Modified: spamassassin/trunk/rulesrc/sandbox/khopesh/20_s25r.cf
URL: http://svn.apache.org/viewvc/spamassassin/trunk/rulesrc/sandbox/khopesh/20_s25r.cf?rev=899859&r1=899858&r2=899859&view=diff
==============================================================================
--- spamassassin/trunk/rulesrc/sandbox/khopesh/20_s25r.cf (original)
+++ spamassassin/trunk/rulesrc/sandbox/khopesh/20_s25r.cf Sat Jan 16 00:52:11 2010
@@ -51,22 +51,26 @@
 #tflags	 S25R	nopublish
 
 # Here it is, my full-blown poor-man's botnet
-meta	 KHOP_BOTNET_2	__LAST_EXTERNAL_RELAY_NO_AUTH && !(__FROM_FREEMAIL || __NOT_SPOOFED || __GREYLISTED) && (__S25R_3 || __S25R_4 || __S25R_5 || __S25R_6 || (RDNS_DYNAMIC + RDNS_NONE + __S25R_1 + __S25R_2) > 1)
+meta	 KHOP_BOTNET_2	__LAST_EXTERNAL_RELAY_NO_AUTH && !(__FROM_FREEMAIL || __NOT_SPOOFED || __GREYLISTED) && (__S25R_3 || __S25R_4 || __S25R_5 || __S25R_6 || (RDNS_DYNAMIC + __S25R_1 + __S25R_2) > 1)
 describe KHOP_BOTNET_2	Relay looks like a dynamic address
 tflags	 KHOP_BOTNET_2	nopublish
 
-meta	 KHOP_BOTNET_4	__LAST_EXTERNAL_RELAY_NO_AUTH && !(__FROM_FREEMAIL || __NOT_SPOOFED || __GREYLISTED) && (__S25R_3 || __S25R_4 || __S25R_5 || __S25R_6 || RDNS_DYNAMIC + RDNS_NONE + __S25R_1*.8 + __S25R_2*.8 > 1.7)
+meta	 KHOP_BOTNET_4	__LAST_EXTERNAL_RELAY_NO_AUTH && !(__FROM_FREEMAIL || __NOT_SPOOFED || __GREYLISTED) && (__S25R_3 || __S25R_4 || __S25R_5 || __S25R_6 || RDNS_DYNAMIC + __S25R_1*.8 + __S25R_2*.8 > 1.7)
 describe KHOP_BOTNET_4	Relay looks like a dynamic address
 tflags	 KHOP_BOTNET_4	nopublish
 
-meta	 KHOP_BOTNET_5	__LAST_EXTERNAL_RELAY_NO_AUTH && !(__FROM_FREEMAIL || __NOT_SPOOFED || __GREYLISTED) && (__S25R_3 || __S25R_4 || __S25R_5 || __S25R_6 || __RDNS_HEX || __5_SUBDOM || (RDNS_DYNAMIC + RDNS_NONE + __S25R_1 + __S25R_2 + __IP_IN_RELAY) > 1)
+meta	 KHOP_BOTNET_5	__LAST_EXTERNAL_RELAY_NO_AUTH && !(__FROM_FREEMAIL || __NOT_SPOOFED || __GREYLISTED) && (__S25R_3 || __S25R_4 || __S25R_5 || __S25R_6 || __RDNS_HEX || __5_SUBDOM || (RDNS_DYNAMIC + __S25R_1 + __S25R_2 + __IP_IN_RELAY) > 1)
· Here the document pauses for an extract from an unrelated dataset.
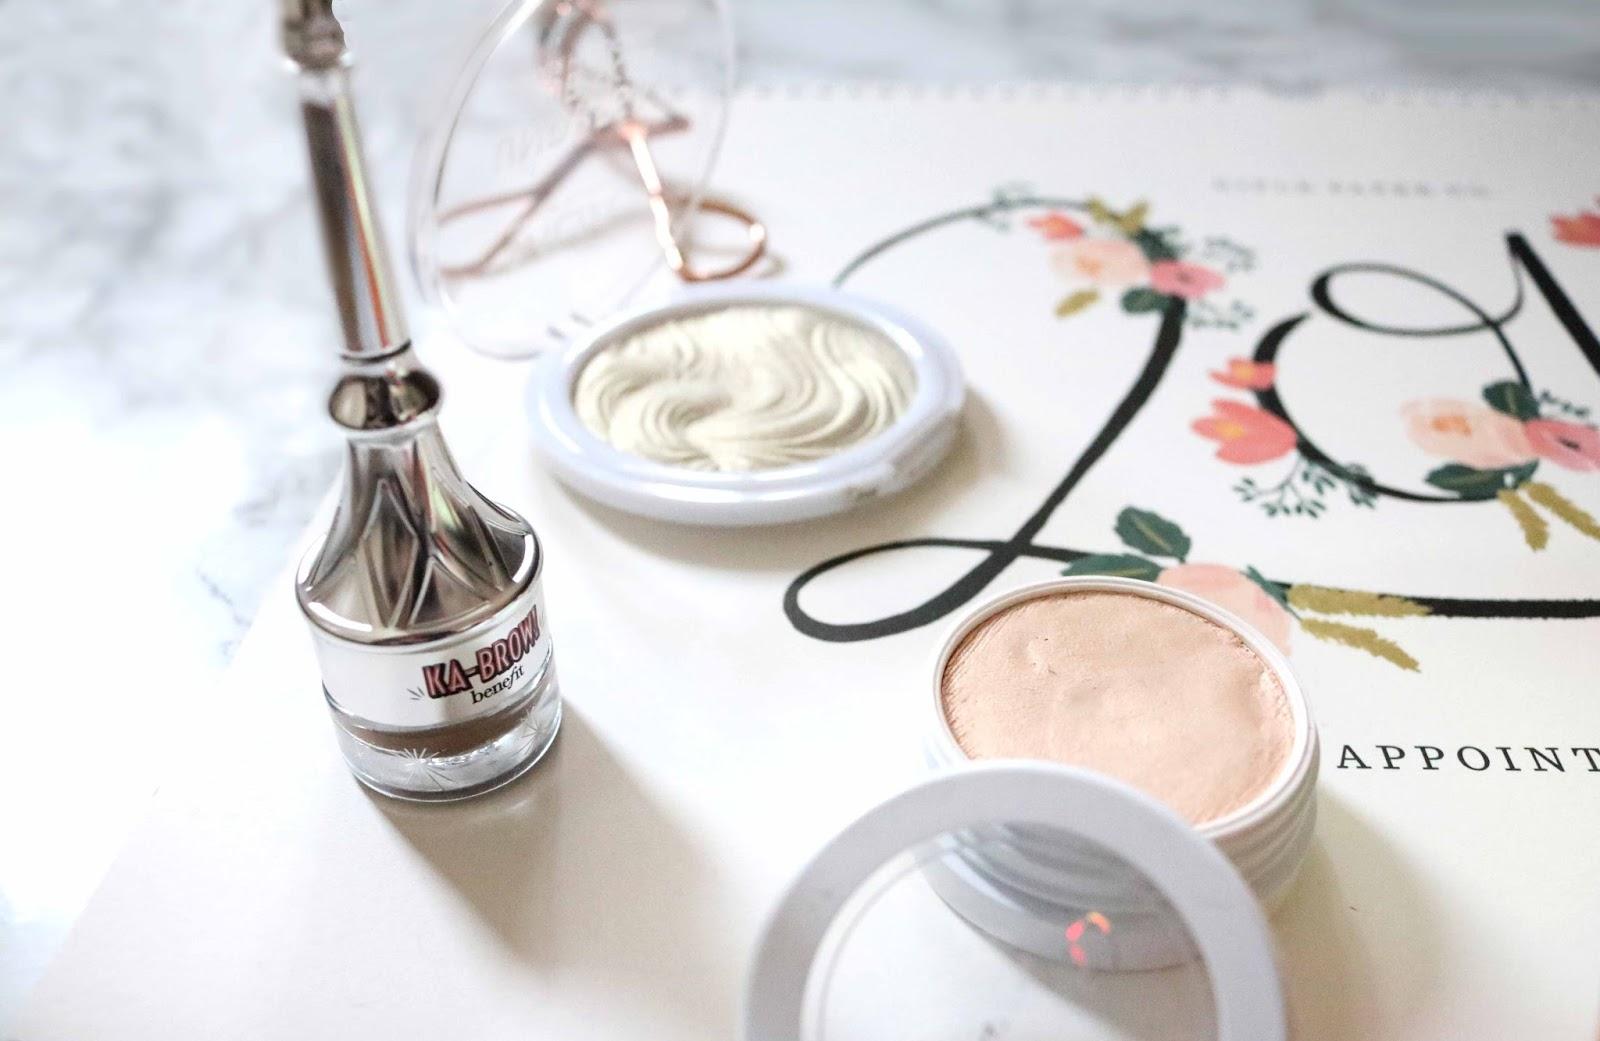 best of, round up, 2016, beauty, skincare, products, nyx, Colourpop, benefit, stila, mua, highlighter, liquid lipsticks, Pixi,

 describe KHOP_BOTNET_5	Relay looks like a dynamic address
 tflags	 KHOP_BOTNET_5	nopublish
 
-meta	 KHOP_BOTNET_6	__LAST_EXTERNAL_RELAY_NO_AUTH && !(__FROM_FREEMAIL || __NOT_SPOOFED || __GREYLISTED) && (__S25R_3 || __S25R_4 || __S25R_5 || __S25R_6 || __RDNS_HEX || __5_SUBDOM || RDNS_DYNAMIC + RDNS_NONE + __S25R_1*.8 + __S25R_2*.6 + __IP_IN_RELAY*.8 > 2)
+meta	 KHOP_BOTNET_6	__LAST_EXTERNAL_RELAY_NO_AUTH && !(__FROM_FREEMAIL || __NOT_SPOOFED || __GREYLISTED) && (__S25R_3 || __S25R_4 || __S25R_5 || __S25R_6 || __RDNS_HEX || __5_SUBDOM || RDNS_DYNAMIC + __S25R_1*.8 + __S25R_2*.6 + __IP_IN_RELAY*.8 > 2)
 describe KHOP_BOTNET_6	Relay looks like a dynamic address
 tflags	 KHOP_BOTNET_6	nopublish
 
+meta	 KHOP_BOTNET_7	__LAST_EXTERNAL_RELAY_NO_AUTH && !(__FROM_FREEMAIL || __NOT_SPOOFED || __GREYLISTED) && (__S25R_4 || __S25R_5 || __S25R_6 || __RDNS_HEX || __5_SUBDOM || __S25R_1 + __S25R_2 + __S25R_3 + __IP_IN_RELAY > 2)
+describe KHOP_BOTNET_7	Relay looks like a dynamic address
+tflags	 KHOP_BOTNET_7	nopublish
+
 # S25R-wanted item (3.2 a, "A terminal host name includes hexadecimal number")
 # not published with S25R due to matching words like 'feed.'
 # Negative look-ahead lets us ignore 3+ consecutive hex letters.